This was accomplished by doing the following: no one- or two-letter words or one- or two-number numbers are indexed. Common words, like "the" and "how" are not indexed. Numbers with more than five digits are not indexed. Words with the root word "constitution" are not indexed (as they would lead to too many useful matches). All words are in lower-case. Create a list of words on a daily basis. Do prefix-matching (in other words, "impeach" matches "impeach" and "impeachment"). Do not do regular expressions. Store all unique words in a message or on a page in a one-line-per-file database, quickly searched using Perl.
Scoring is provided as an aid to the user. It shows what matches might be more relevant. If you search for "president," and the word appears in a document five times, a score of "5" is assigned to the match. Adding "bush" to the search might find a document with 10 occurrences, for a total score of 15. A match with a score of 15 might be better than one with a score of 3. However, this is only a guide.
This third crack at a search engine has a lot of room for expansion, such as boolean operators and wild card searches, and other common search features. I'll get to those as time goes on.

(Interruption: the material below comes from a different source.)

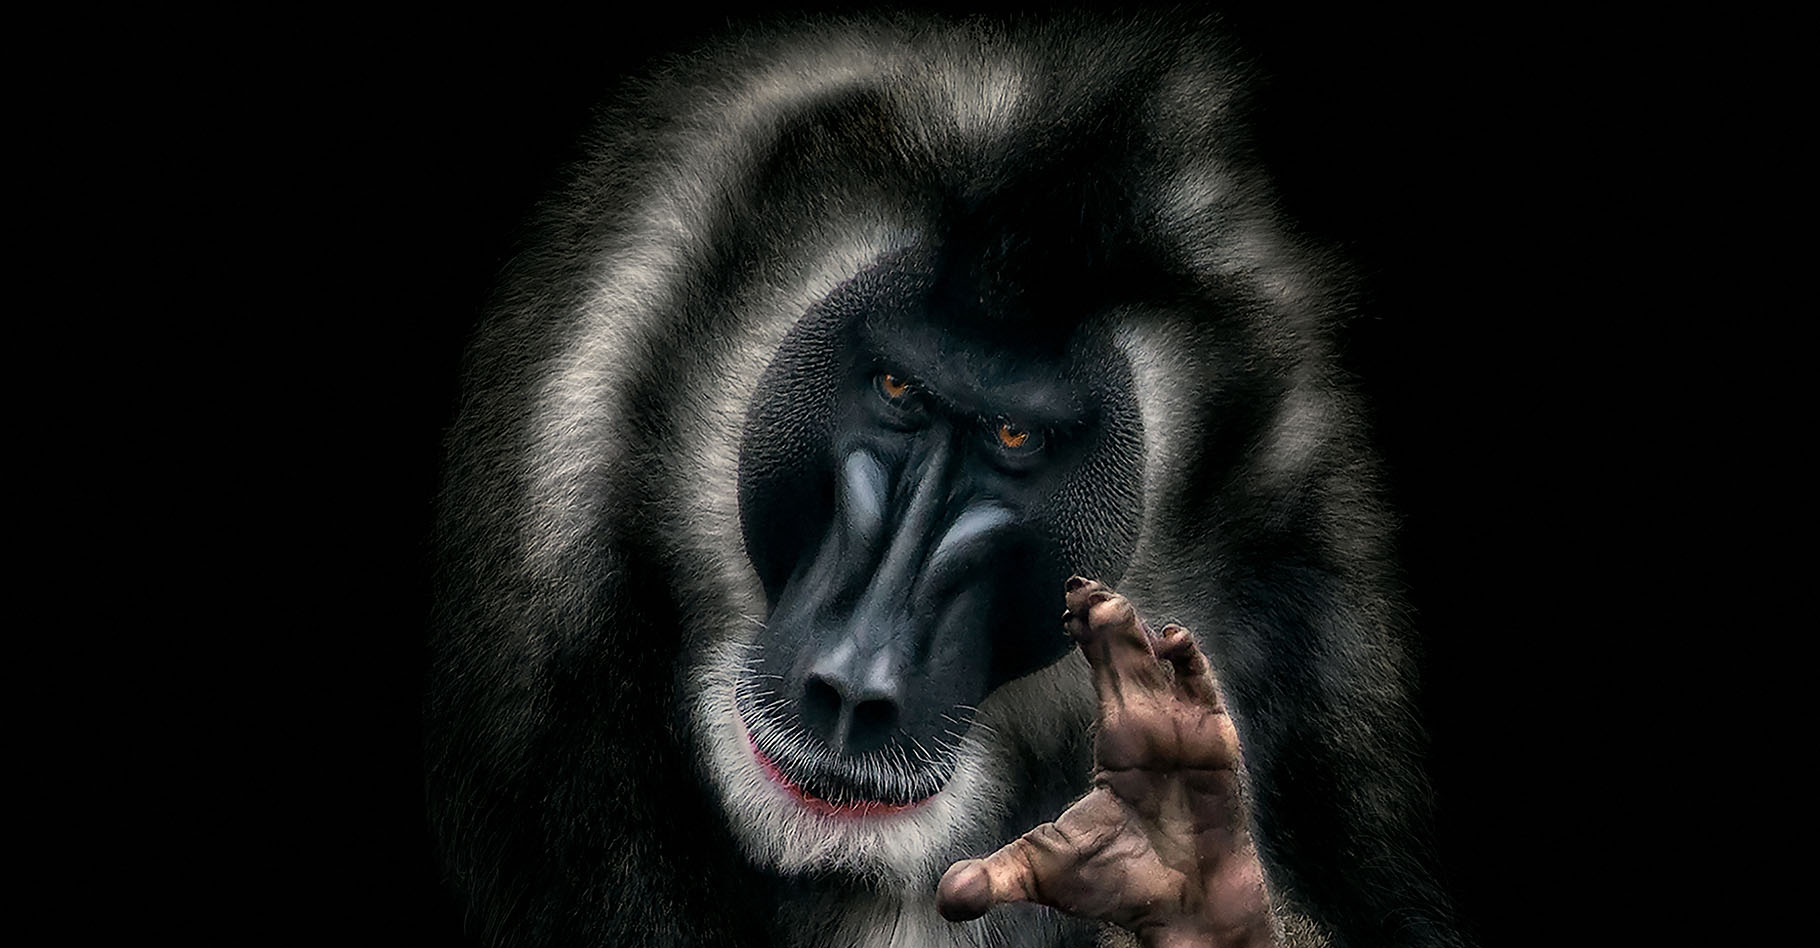 Un mandrill au regard humain pour sensibiliser à la déforestation. © Pedro Jarque Krebs

Using the "embedded match" feature
You can modify the way the search works if you find that you are getting too few matches. Normally, the search only finds the words you type in if they appear at the beginning of an indexed word. For example, if you type "quest," the search engine will find words like "quest" and "question," and "request." Allowing embedded matches provides the widest search, but it also slows down the search. For best results, only use embedded matches if a normal search does not find what you're looking for.